# A song for my horse



## TabbyNeko (Aug 4, 2009)

This song doesn't rhyme at all, but this type of song doesn't have to. I was inspired by a song by my favorite band, but I wrote this for my horse, Taka-kun, who is traumatized because of a poor choice made by a stupid young rider.


_I had always dreamt of a future that would last forever_
_All these years it didn't fade_
_And I've finally found you, my love_
_But now I'm watching it all being crushed under the weight of time_

_You trusted me and only me_
_Enough that I could sleep by your side at night_
_I promised you that you wouldn't be hurt anymore_
_That you could learn to love again_

_I don't blame you for anything_
_You fought back but lost anyway_
_But this would be nothing more than a nightmare_
_If you knew your pain would be gone_

_The future isn't so bright now_
_But you can't give up just yet_
_For those who watch over you_
_For the ones you love and for yourself_

_You trusted me and only me_
_Enough that I could sleep by your side at night_
_I promised you that you wouldn't be hurt anymore_
_That you could learn to love again_

_Always remember that I love you_
_I would make this pain go away _
_But first you need to open your heart_
_And let me back in_

_Don't lose sight of yourself, my love_
_I couldn't say these words before_
_So I'll sing them to you right here_
_I still dream of that future that will last forever_


----------



## star struck (Apr 1, 2008)

Oh I love it! You are a very creative writer, and this song speaks volumes........ Good job.


----------



## Sunny06 (Jun 22, 2009)

Aw man, what happened to your horse? D:


----------



## TabbyNeko (Aug 4, 2009)

sunny06 said:


> Aw man, what happened to your horse? D:


An idiot girl who takes lessons at our stables didn't feel like riding her lesson horse so she decided to ride my 3 year old stallion. She showed toff by yanking on his mouth and kicking him hard, and he bolted through a fence and into a wire cow fence. He got all cut up and now we can't go near him or anything...he's going crazy and im really worried...


----------



## Sunny06 (Jun 22, 2009)

What was she thinking?! Obviously she wasn't. Yeah, I'd sue for sure. 3 year old stallion.. Did she have someone with her?


----------



## TabbyNeko (Aug 4, 2009)

sunny06 said:


> What was she thinking?! Obviously she wasn't. Yeah, I'd sue for sure. 3 year old stallion.. Did she have someone with her?

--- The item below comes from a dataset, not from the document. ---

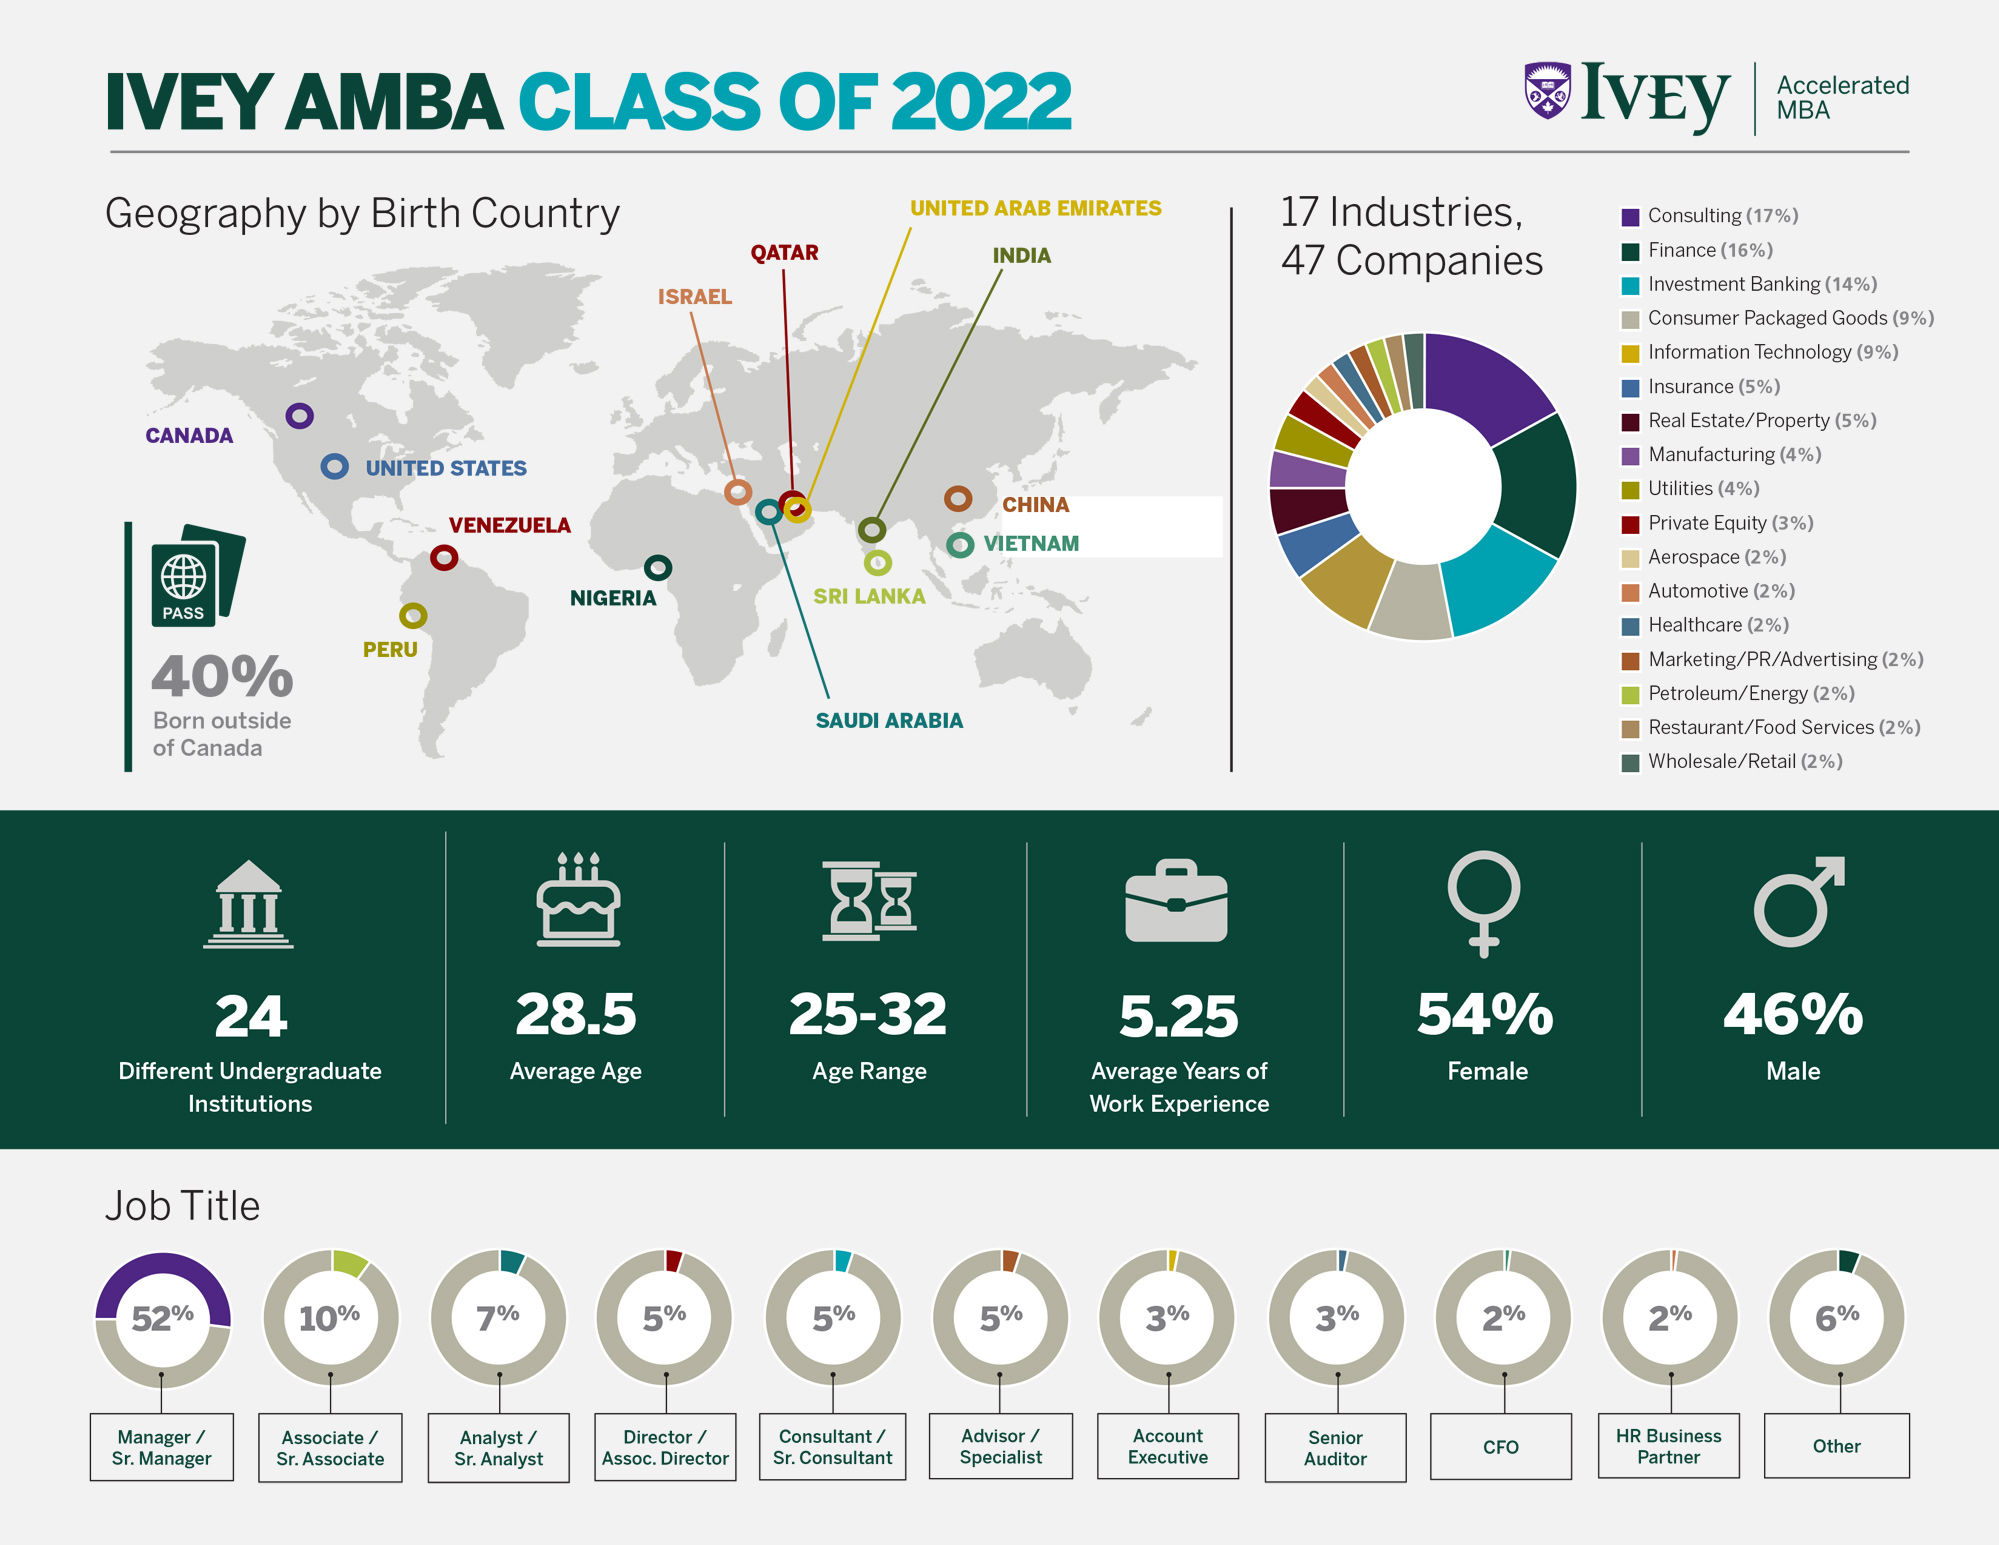 AMBA Class Stats 2022

When she tacked him up, no, but her mom was there. She didn't do anything when I told her daughter to get off my horse. 

This was during a lesson, by the way.
There were 6 other kids there and a few parents.


----------



## Sunny06 (Jun 22, 2009)

She didn't listen?! SUE that woman!


----------



## TabbyNeko (Aug 4, 2009)

sunny06 said:


> She didn't listen?! SUE that woman!


We're going to court with it.
The kids like 12 so it should be easy.

The good part is I get to fight for my horse because I bought him with my own money.

I wish i could show you pictures of his injuries...


----------



## Sunny06 (Jun 22, 2009)

Yeah, I'd be interested.

Good luck with the case  I hope you win.


----------



## ChingazMyBoy (Apr 16, 2009)

sunny06 said:


> Yeah, I'd be interested.
> 
> Good luck with the case  I hope you win.


I second this! I really do hope everything turns out right for you and your horse, I can't imagine going threw what you are. I read your thread about it and it makes me sad that this girl didn't listen to you and it resaulted in your horse getting hurt and becoming afraid of the people that love him. I'm sure he will realize that you love him and that you or your vet are not going to hurt him. Please keep us updated.


----------



## lovemyponies (Jul 26, 2008)

TabbyNeko said:


> We're going to court with it.
> The kids like 12 so it should be easy.
> 
> The good part is I get to fight for my horse because I bought him with my own money.
> ...


 
No offense, but why can't you show pictures of his injuries?


----------



## savvylover112 (Jul 17, 2009)

i really hope everything turns out ok for you in the court and for you and your horse xxx


----------